§ **YOUR OBJECTIVE**:
Set down only these lines, exactly: the line containing "Olathe Men's Exclusive" and all lines through the end of the data below. Omit pictures.

§ **DATA EXCERPT**:
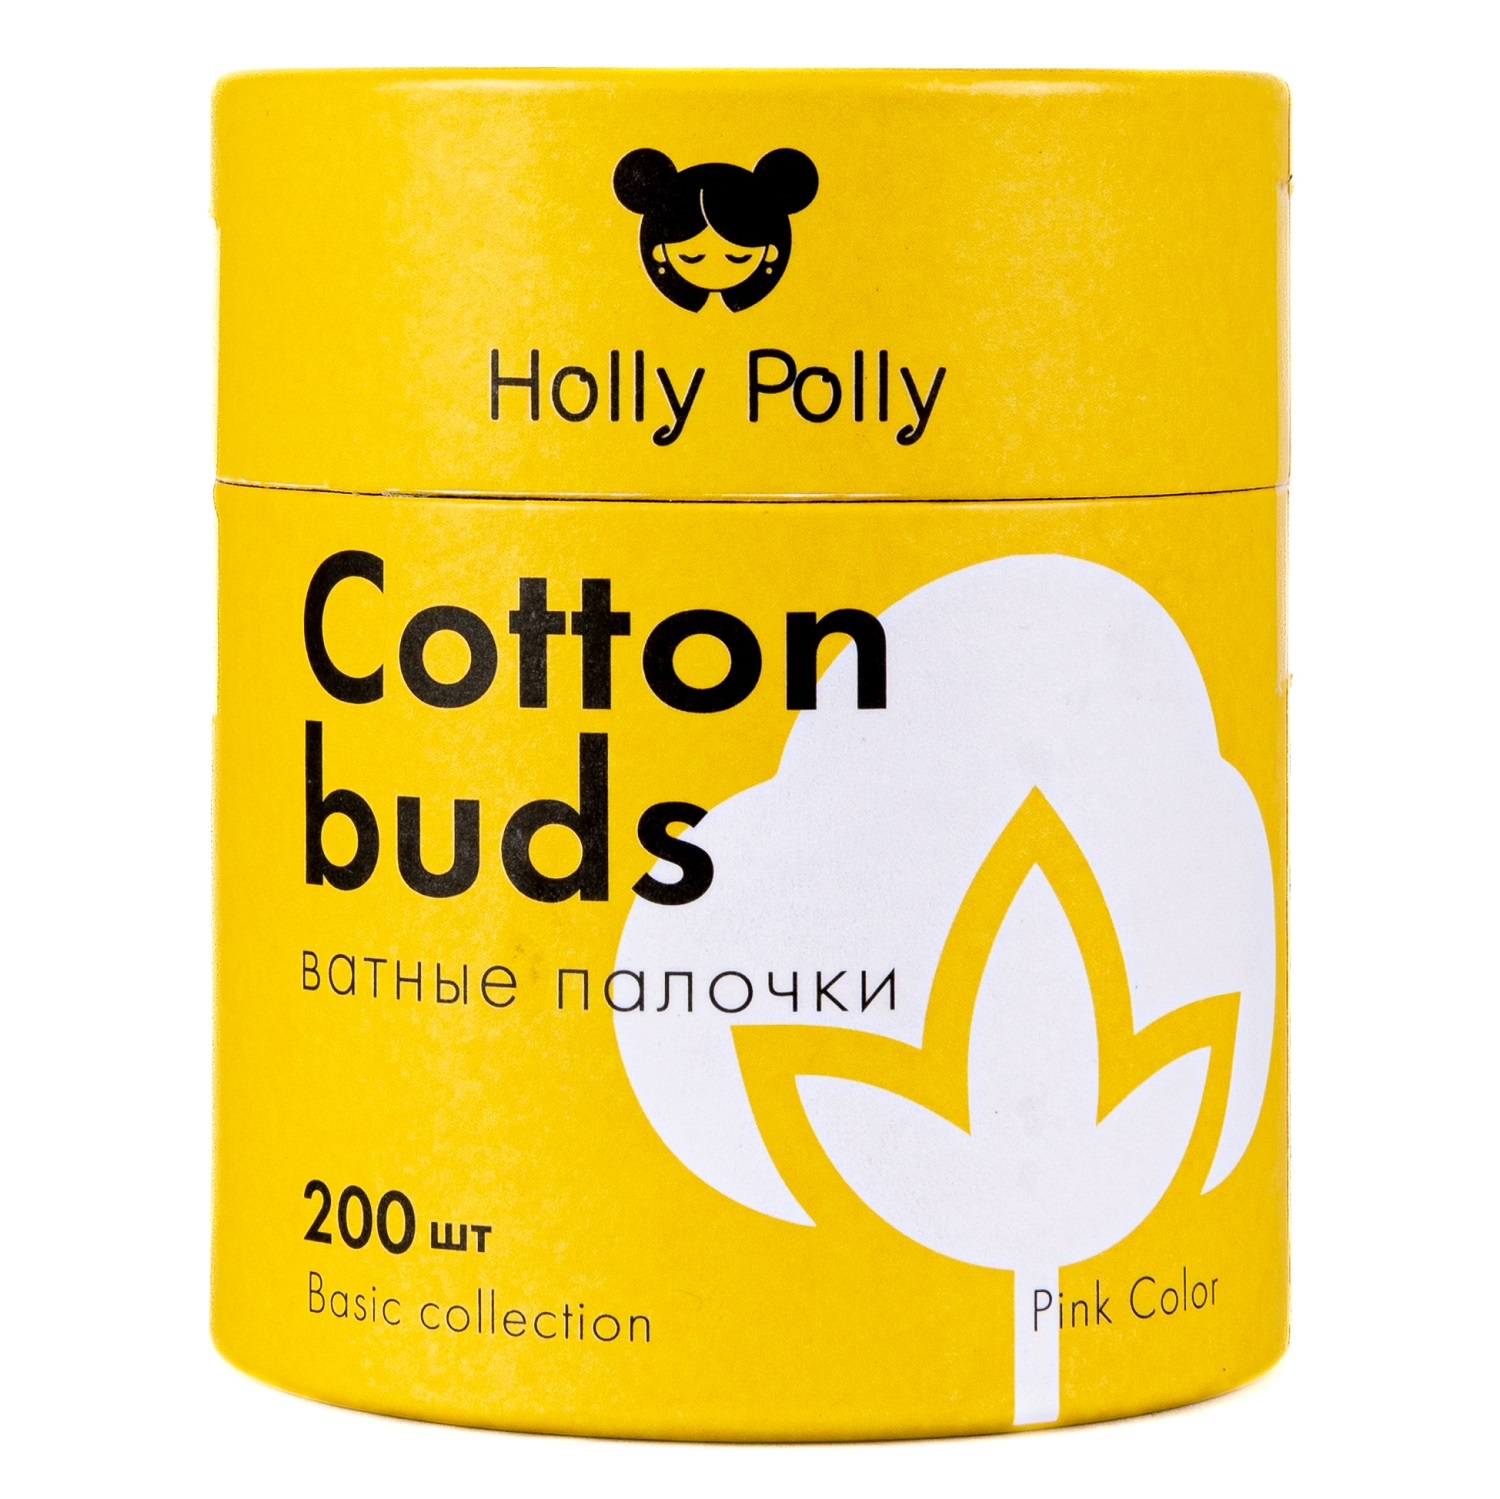 Holly Polly Косметические ватные палочки бамбуковые розовые, 200 шт (Holly Polly, Cotton Pads & Buds) holly polly палочки holly polly ватные бамбуковые косметические розовые 200 шт
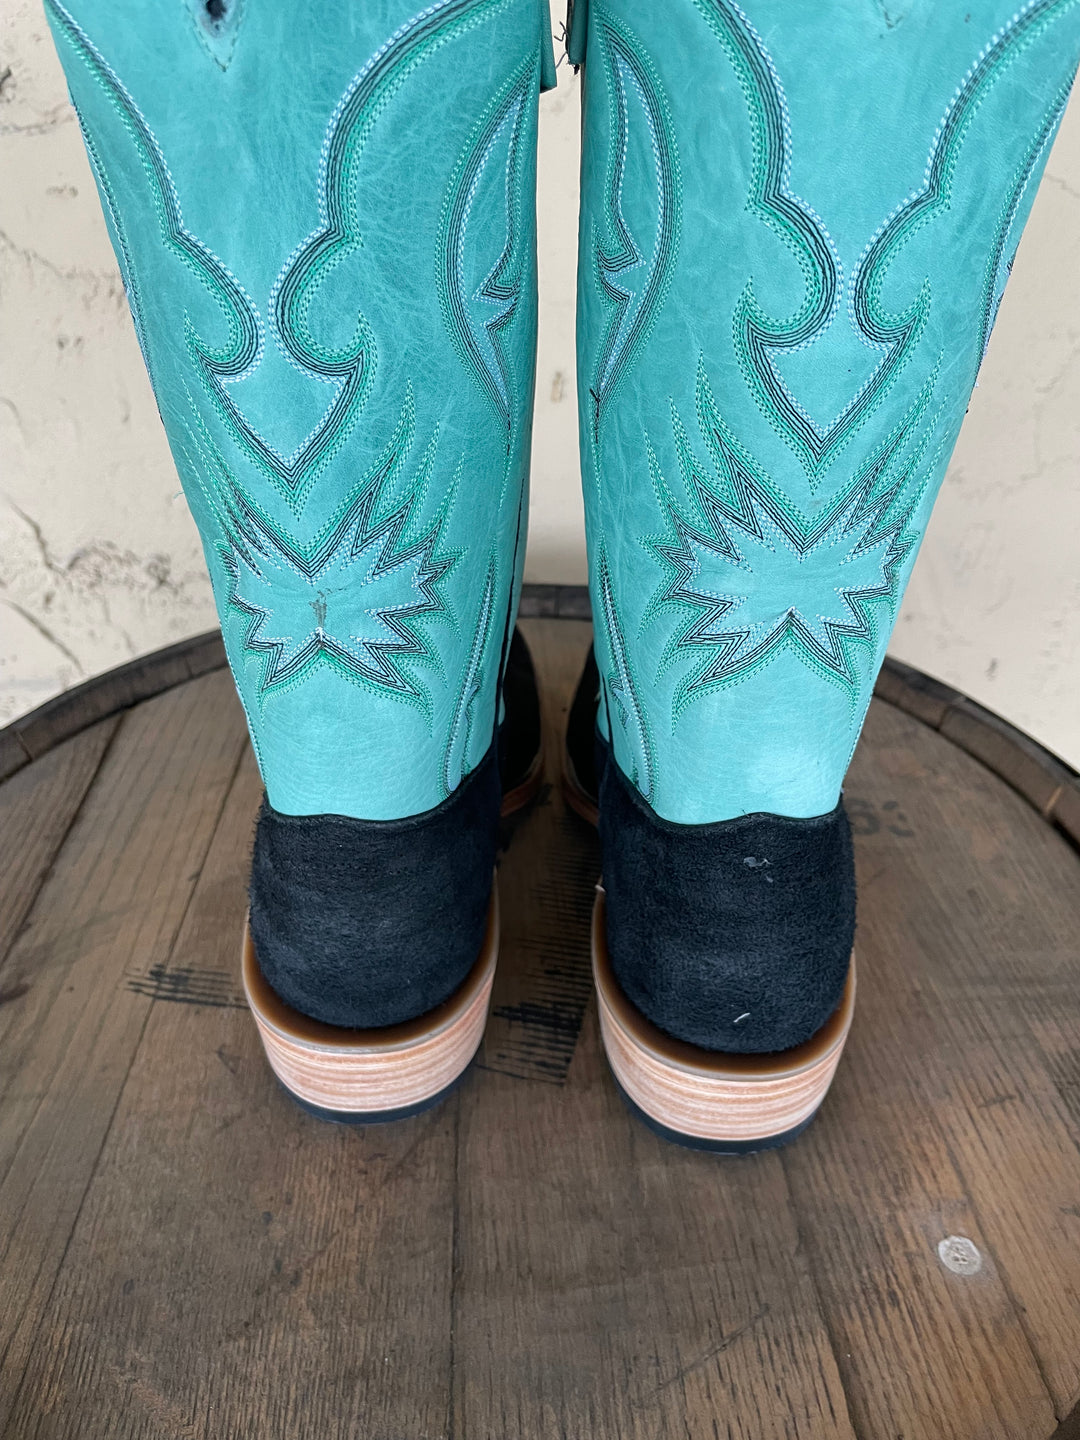 Olathe Men's Exclusive Spur Rest Western Cowboy Boots
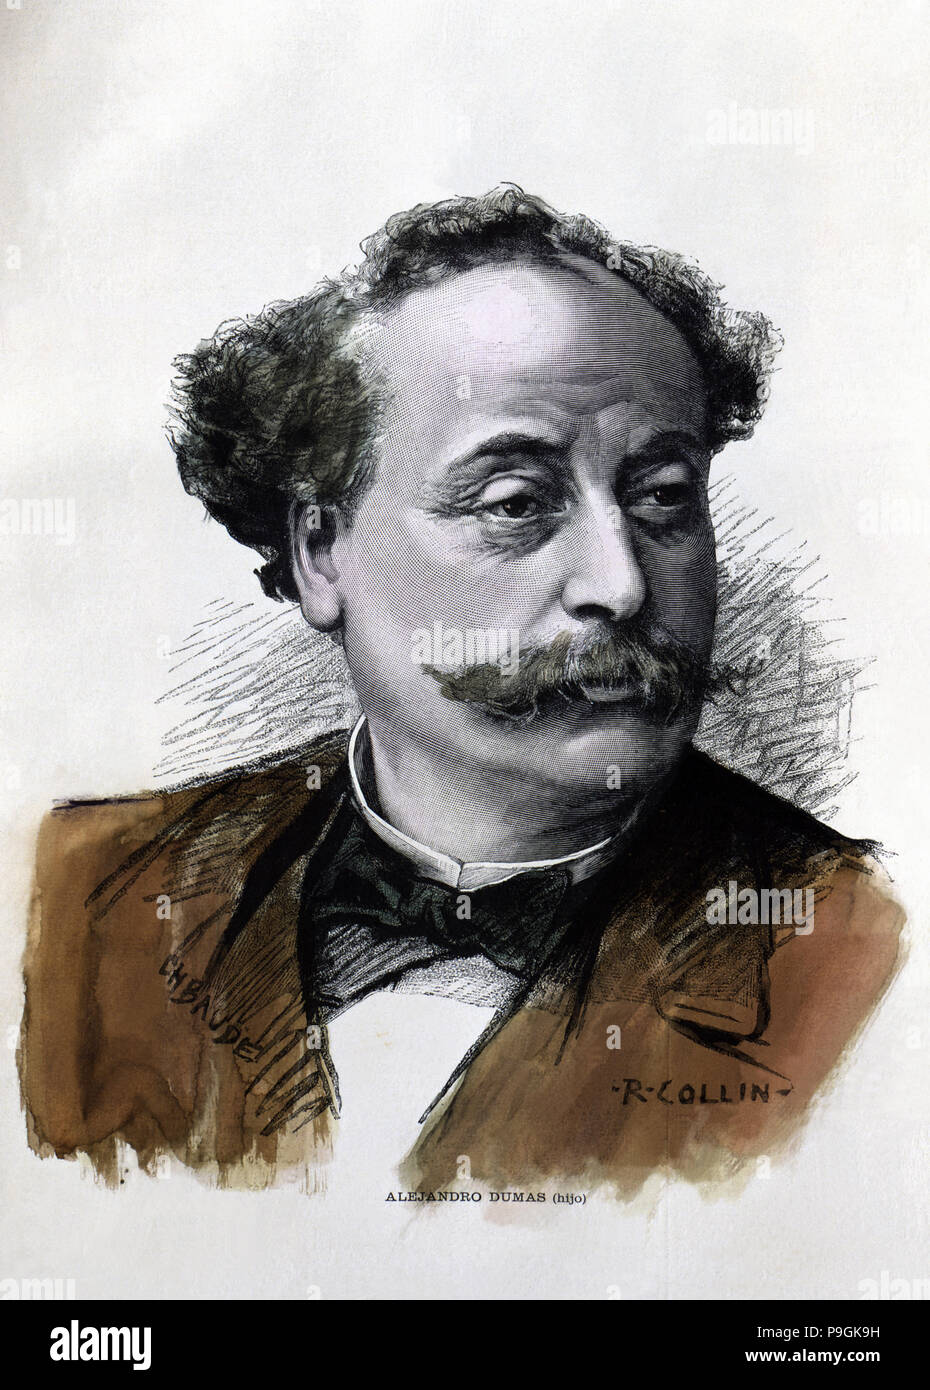 Alexandre Dumas (fils) (1824-1896), écrivain français, gravure, 1895. Banque D'Images

§ **RESPONSE FOR THIS EXERCISE**:
 Olathe Men's Exclusive Spur Rest Western Cowboy Boots
 Alexandre Dumas (fils) (1824-1896), écrivain français, gravure, 1895. Banque D'Images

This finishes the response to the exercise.